Server reliability, availability, and serviceability (RAS) are crucial issues for modern enterprise IT shops that deliver mission-critical applications and services, and application delivery failures can be extremely costly per hour of system downtime. Intel Xeon Scalable processors running on ThinkSystem servers continue to be at the top of the industry in regards to RAS features. This article explains the importance of RAS features on a server and a list of Key RAS features on the latest ThinkSystem servers Lenovo offers to customers looking to minimize downtime in their data center.

Changes in the July 31, 2025 update:

Changed the following under - Server RAS Defined section
- New image for "Hourly Cost of Downtime"
- New image for "Unplanned Downtime by Server Hardware Platform in November 2024"
Added 6th Gen processors to the table of RAS features - RAS features with Intel Xeon Scalable processors section

Introduction

Applications such as database, enterprise resource planning (ERP), customer resource management (CRM), and business intelligence (BI) applications need to be available 24 x 7 on a wide area or global basis. In addition, the likelihood of such failures increases statistically with the size of the servers, data, and memory required for these deployments.

While clustering and virtualization can help meet availability requirements, they are not adequate solutions for very large databases, BI, and high-end transactional systems. A failure affecting a single core business application can easily cost hundreds of thousands or even millions of dollars per hour. All this leads to a need for scalable and highly resilient servers that are well suited for critical business applications and large-scale consolidation.

Always On

Time is money. Even a few minutes of downtime can result in significant costs and cause internal business operations to come to a standstill. Downtime can also adversely impact a company’s relationship with its customers, business suppliers and partners. Reliability or lack thereof can potentially damage a company’s reputation and result in lost business.

The growth of new applications has ratcheted database processing and business analytics to the top of the list for server workloads. These workloads demand continuous availability from the enterprise platforms on which they run.

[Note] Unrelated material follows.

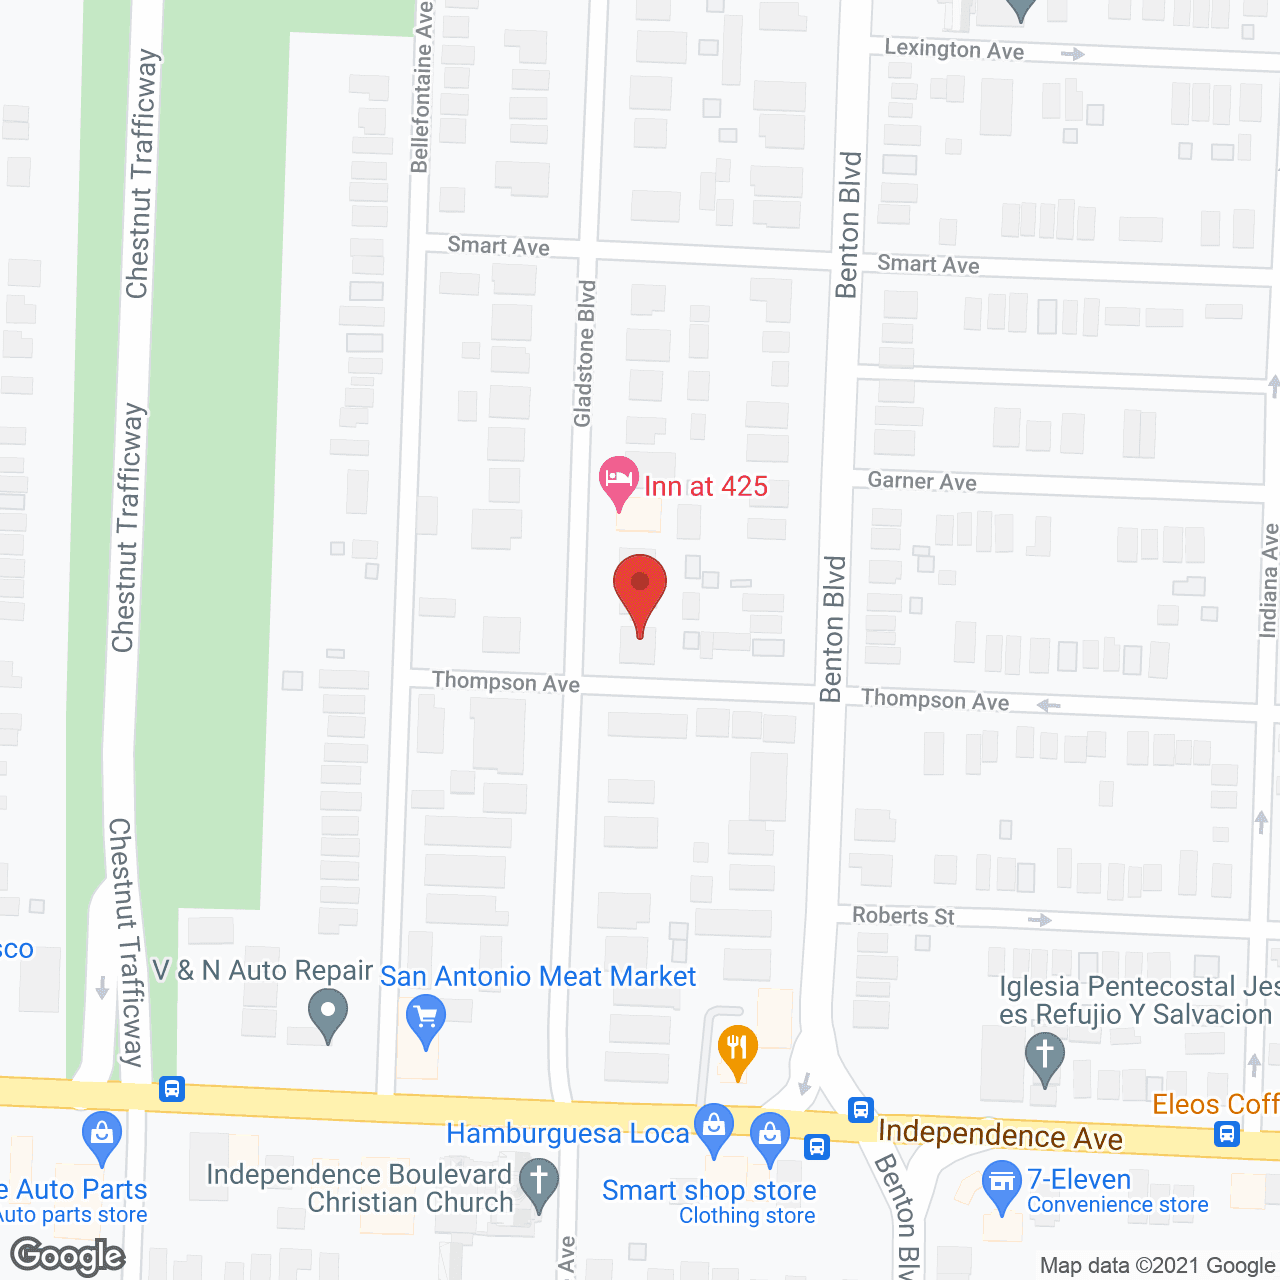 Gladstone Nursing Home in google map

"Always on" has become a global requirement and impacts many aspects of our lives:

Maximize productivity - Manufacturers need to keep their production line up and running. System downtime should not interrupt it.
Control access - Facility Security companies prevent external threats to organizations. Security application downtime shouldn't be an internal threat.
Protect profit - Retailers have sales targets to meet day in, day out. Transaction system downtime shouldn’t get in the way.
Protect lives - First Responders take care of emergencies 24 x 7 x 365. Application downtime shouldn’t be one of them.
Ensure quality care and privacy - Healthcare Institutions need to access patient information and be HIPPA compliant all the time. System downtime shouldn’t compromise either one.
Process transactions - Financial Services organizations manage thousands of transactions a second. Processing system downtime simply can’t happen

Server RAS Defined

RAS in relation to servers is defined as follows:

Reliability – Reducing the mean time between hardware failures and ensuring data integrity. Data integrity is protected through error detection and correction — or, if not correctable, error containment

Error Detection and Self-Healing
Minimizes outage opportunities
Correct results continuously

Availability – Refers to uninterrupted system and application operation even in the presence of uncorrectable errors

Reduce frequency and duration of outages
Self-diagnosing: work around faulty components or “self-heal”
Never stops or slows down

Serviceability – Means a system can be maintained without disrupting operation. This capability requires both thoughtful platform design and innovative systems management.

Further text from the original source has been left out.